Daniel Seung Kim1, Jerry H Kim2, Amber A Burt3, David R Crosslin1, Nancy Burnham4, Donna M McDonald-McGinn5, Elaine H Zackai5, Susan C Nicolson6, Thomas L Spray4, Ian B Stanaway7, Deborah A Nickerson7, Mark W Russell8, Hakon Hakonarson9, J William Gaynor4, Gail P Jarvik10.   

Abstract

BACKGROUND: Survival after cardiac surgery in infancy requires adaptive responses from oxidative stress management and vascular regulation pathways. We tested the hypothesis that genetic variation in these pathways influences postoperative survival in nonsyndromic congenital heart disease children.
METHODS: This is an analysis of a cohort of nonsyndromic congenital heart disease patients who underwent cardiac surgery with cardiopulmonary bypass before 6 months of age (n=422). Six single nucleotide polymorphisms (SNPs) in six genes involved in oxidative stress and vascular response pathways, identified through a priori literature search, were tested for effects on transplant-free survival. Survival curves, adjusting for confounding covariates, were calculated using the Cox proportional hazard models.
RESULTS: Long-term survival was strongly associated with vascular endothelial growth factor A gene SNP rs833069 (p=7.03×10(-4)) and superoxide dismutase 2 gene SNP rs2758331 (p=0.019). To test for joint effects of the two SNPs on transplant-free survival, the genotypes were grouped to form a risk score reflecting the cumulative number of risk alleles (0 to 4 alleles per patient). A higher risk score based on the VEGFA and SOD2 SNP genotypes was associated with worse transplant-free survival (p=3.02×10(-4)) after confounder adjustment. The total burden of risk alleles was additive; subjects with the highest risk score of 4 (n=59 subjects, 14.2% of the cohort) had a total covariate-adjusted hazard ratio of 15.64 for worse transplant-free survival.
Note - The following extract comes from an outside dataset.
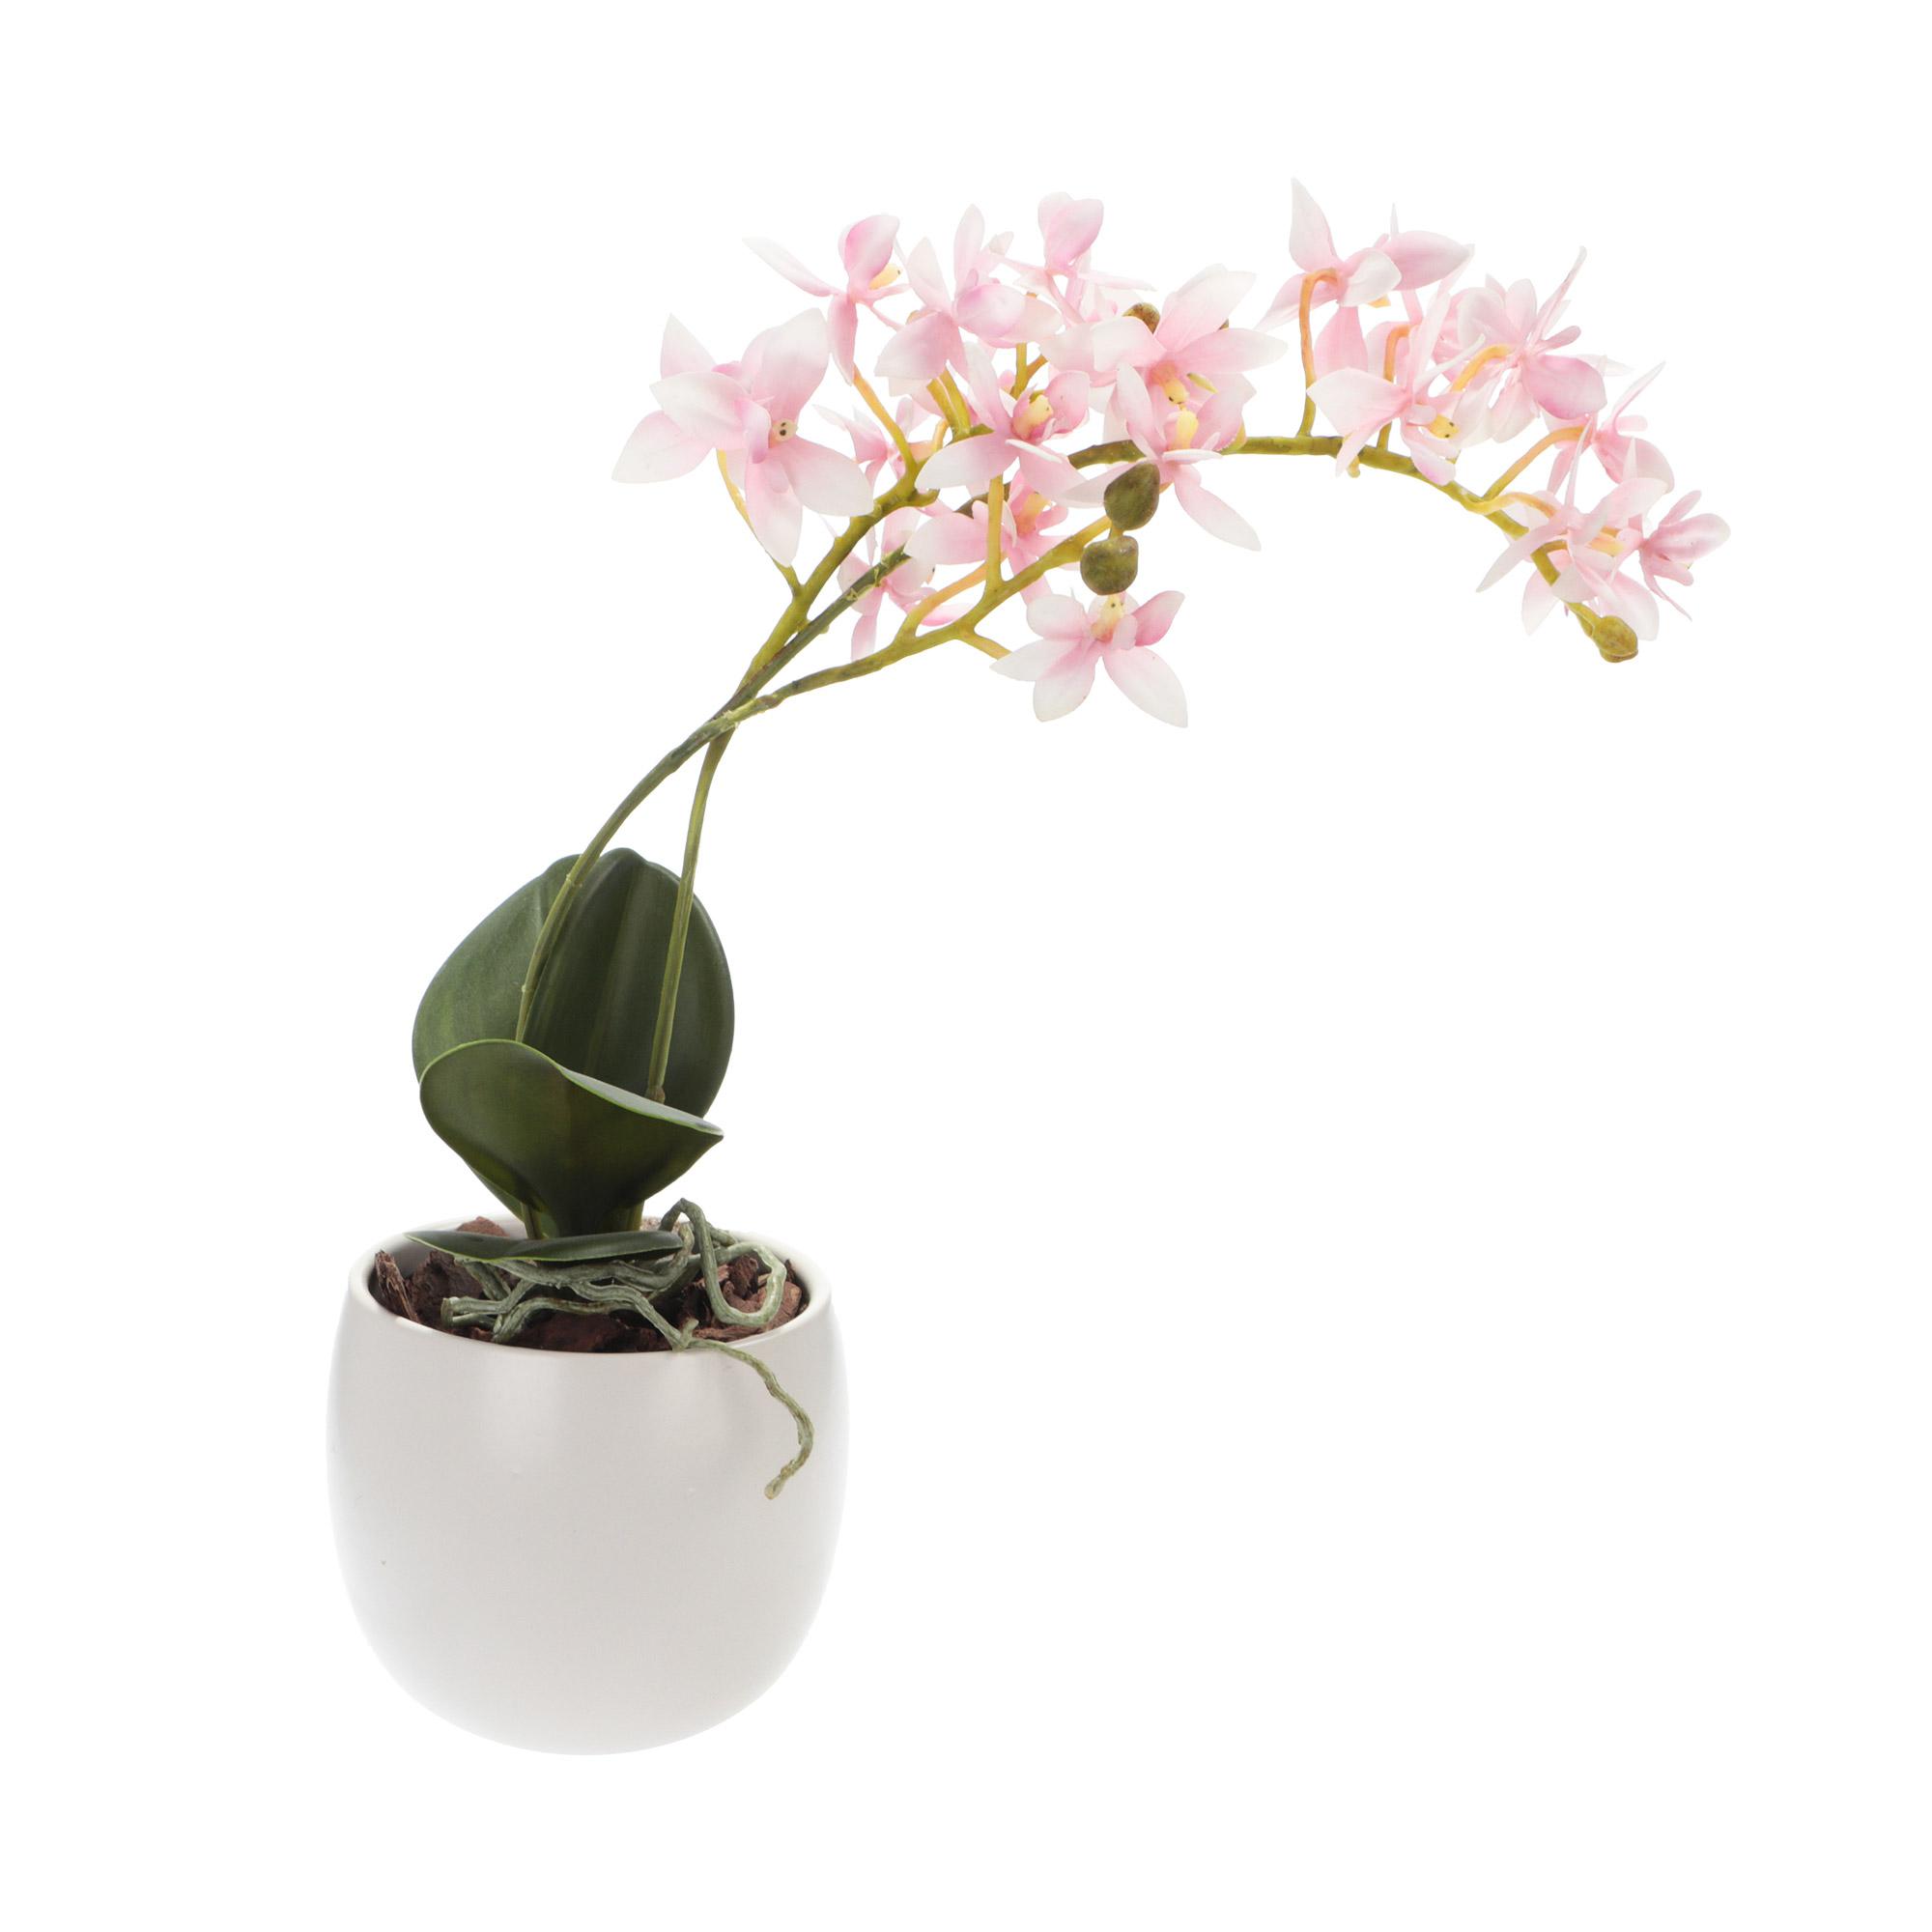 Растение искусственное Dpi орхидея в горшке 36см растение искусственное в горшке лаванда 30см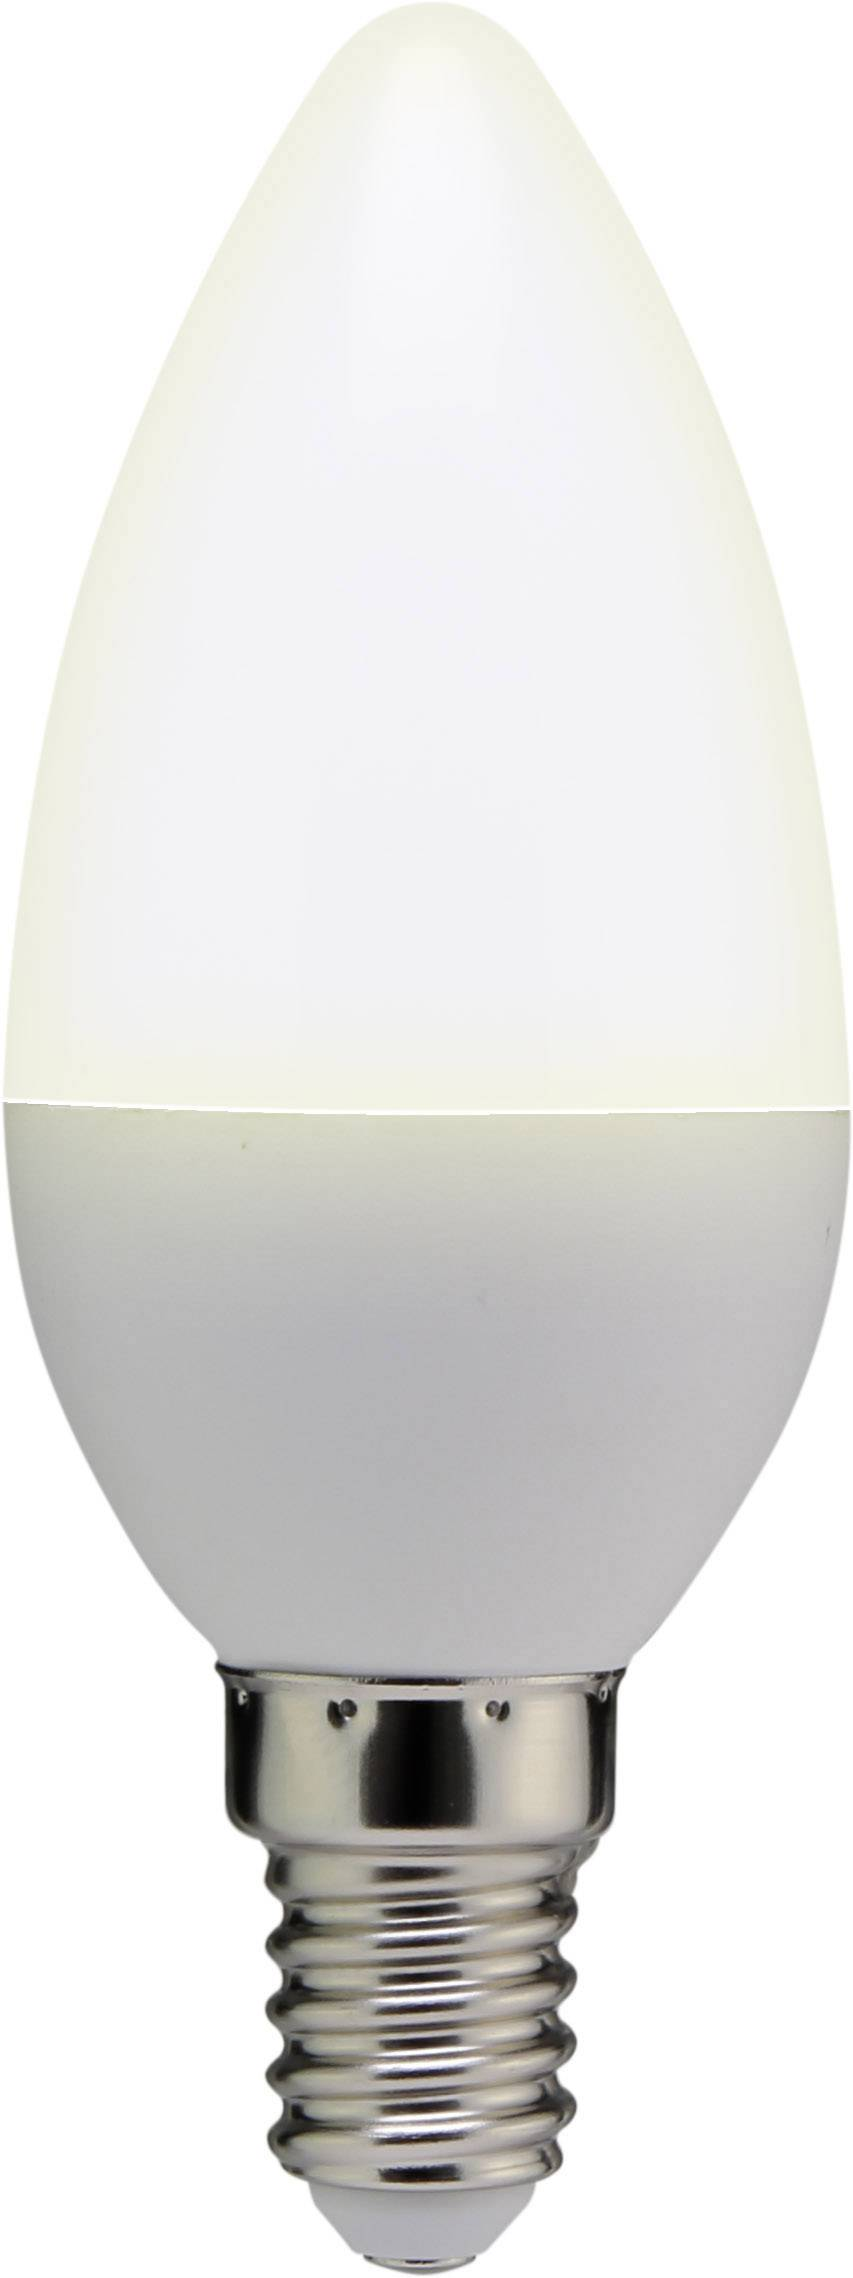 LED Basetech 230 V, E14, 3.5 W = 25 W, 100 mm, teplá bílá, A+ 1 ks

CONCLUSIONS: After cardiac surgery, infants who are homozygous for the high-risk alleles for both the VEGFA and SOD2 SNPs have an approximately 16-fold increased risk of death or heart transplant, suggesting that genetic variants are important modifiers of survival after surgery for congenital heart disease.
Copyright © 2014 The Society of Thoracic Surgeons. Published by Elsevier Inc. All rights reserved.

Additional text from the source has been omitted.